PEG in chitosan scaffolds provides well hydration environment. As a result, it may enhance the diffusion of nutrients, bio-factors, and wastes. Hence, it might be the main reason CHI-90 scaffolds could maintain low doubling time. On the other hand, during incubation, it was observed that the CHI-80 scaffold was too soft that it might affect the cell proliferation of osteoblasts. It was reported before by Tanuma et al. [29] that the degradation rate of the chitosan component was found to be influenced by the content and molecular weight of PEG. An increase in total PEG content resulted in a considerable increase in the degradation rate.

The osteogenic differentiation of osteoblasts on the chitosan-PEG scaffolds was investigated by early and late osteogenic markers. Alkaline phosphatase (ALP), an essential enzyme for ossification, is an early bone marker protein, and one of the most frequently used markers to demonstrate osteoblast differentiation [38]. The final stage of osteoblast differentiation is mineralization, at which a mineral matrix containing mainly calcium phosphate is secreted and deposited by mature osteoblasts.

In this study, after osteogenic culture for one day, the cellular ALP activity of CHI-80 was the highest, followed by CHI-90 and CHI-100 (Figure 4(b)).
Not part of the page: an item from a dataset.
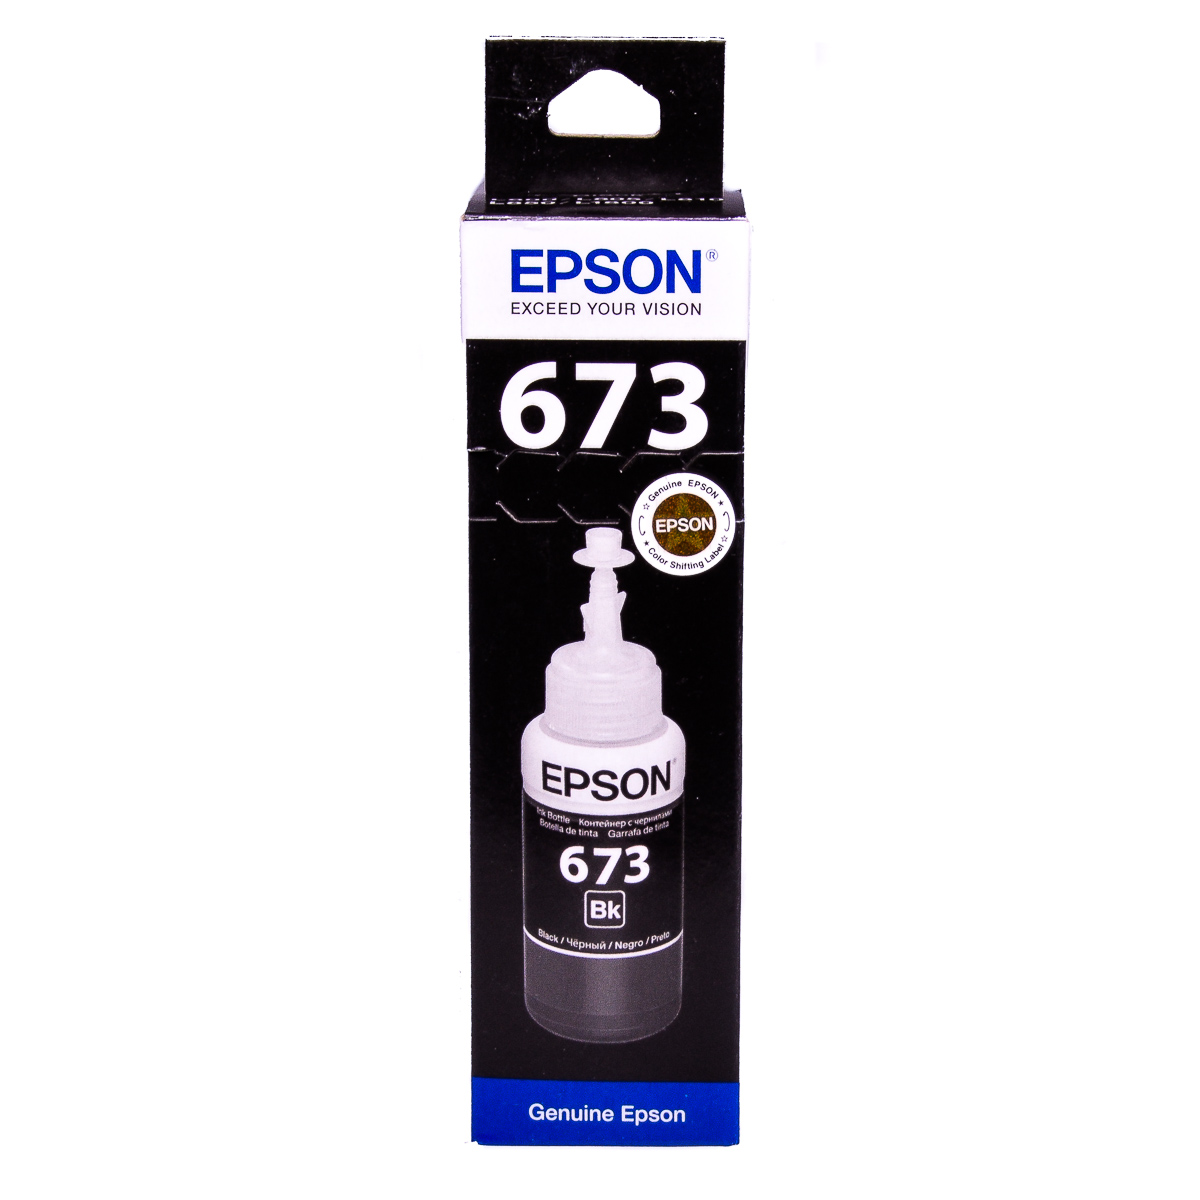 Epson T0801 Black original dye ink refill Replaces Stylus R285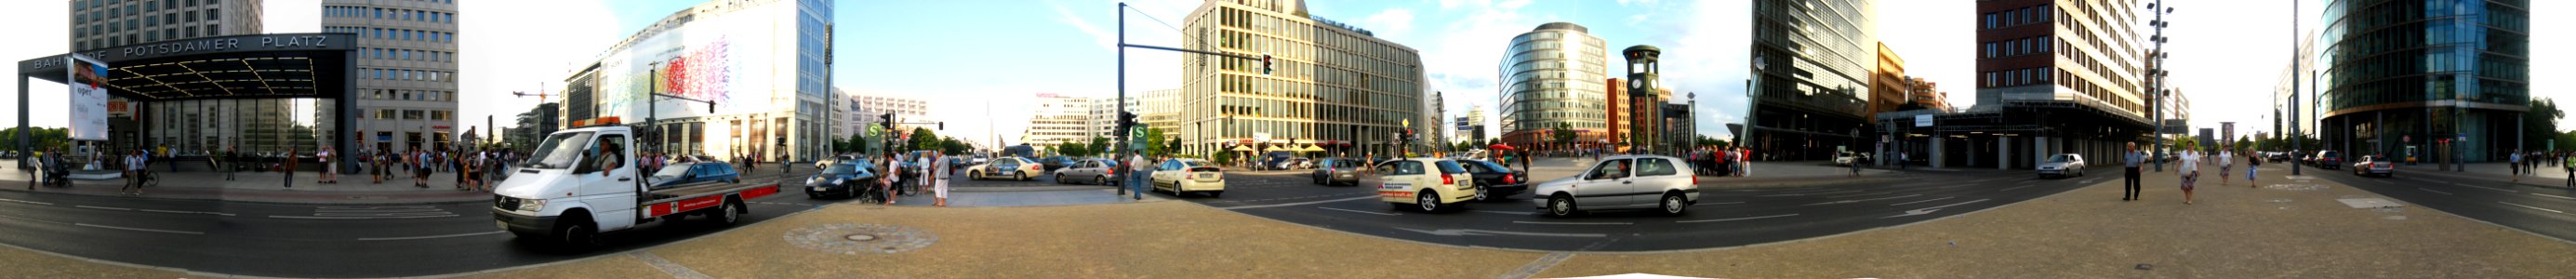 Panorama Potsdamer Platz, Berlin photo

However, after five days of incubation, the ALP activity of CHI-100 and CHI-90 increased significantly (p < 0.001) compared to their first day, respectively, and exceeded the values of CHI-80. After ten days of incubation, the ALP activity was decreased in all the samples. The ALP activity of CHI-90 was the highest on the fifth day, indicating the favored osteoblasts' early-stage differentiation.

After the osteoblasts were cultured in the osteogenic medium for 2 weeks, the total amounts of calcium in CHI-90 and CHI-100 were quantified as 2.7 and 2.2 μmol/scaffold; whereas, the amount in CHI-80 was 1.9 μmol/scaffold (Figure 5). The results indicate that calcium deposition between the CHI-100 and CHI-90 had a significant difference (p < 0.05), suggesting that osteoblast differentiation is enhanced with the optimal amount of PEG (10%). However, excess PEG (20%) significantly decreased osteoblasts mineralization. For future work, it is suggested to investigate optimizing hydrophilic polymer doping onto a chitosan scaffold.

4. Conclusion

The impact of PEG-incorporated chitosan scaffolds on osteoblasts differentiation and proliferation has been demonstrated in this study. The characteristic analysis of PEG-containing scaffolds exhibited bigger pore size, weaker mechanical properties, and higher water content compared to unmodified chitosan substrates. The cultured osteoblasts on the PEG-chitosan scaffold showed better cell proliferation and differentiation than that of the chitosan scaffold. However, adding more PEG (≥20% wt.) into the scaffolds has no benefit on the proliferation and differentiation of osteoblast. Taken together, these results indicate that adding hydrophilic molecules such as polyethylene glycol at an optimum amount (10% wt) into chitosan changed the characteristic of the scaffolds and improved the proliferation and differentiation of osteoblast. The biocompatibility, safety, and biodegradability of the chitosan make it an excellent scaffold candidate, and in the near future will witness its crucial role in biomaterials and tissue engineering.

Data Availability

All data used to support the findings of this study are included within the article.

Conflicts of Interest

The authors declare that there are no conflicts of interest.

Acknowledgments

The authors acknowledge National Taiwan University for funding this work.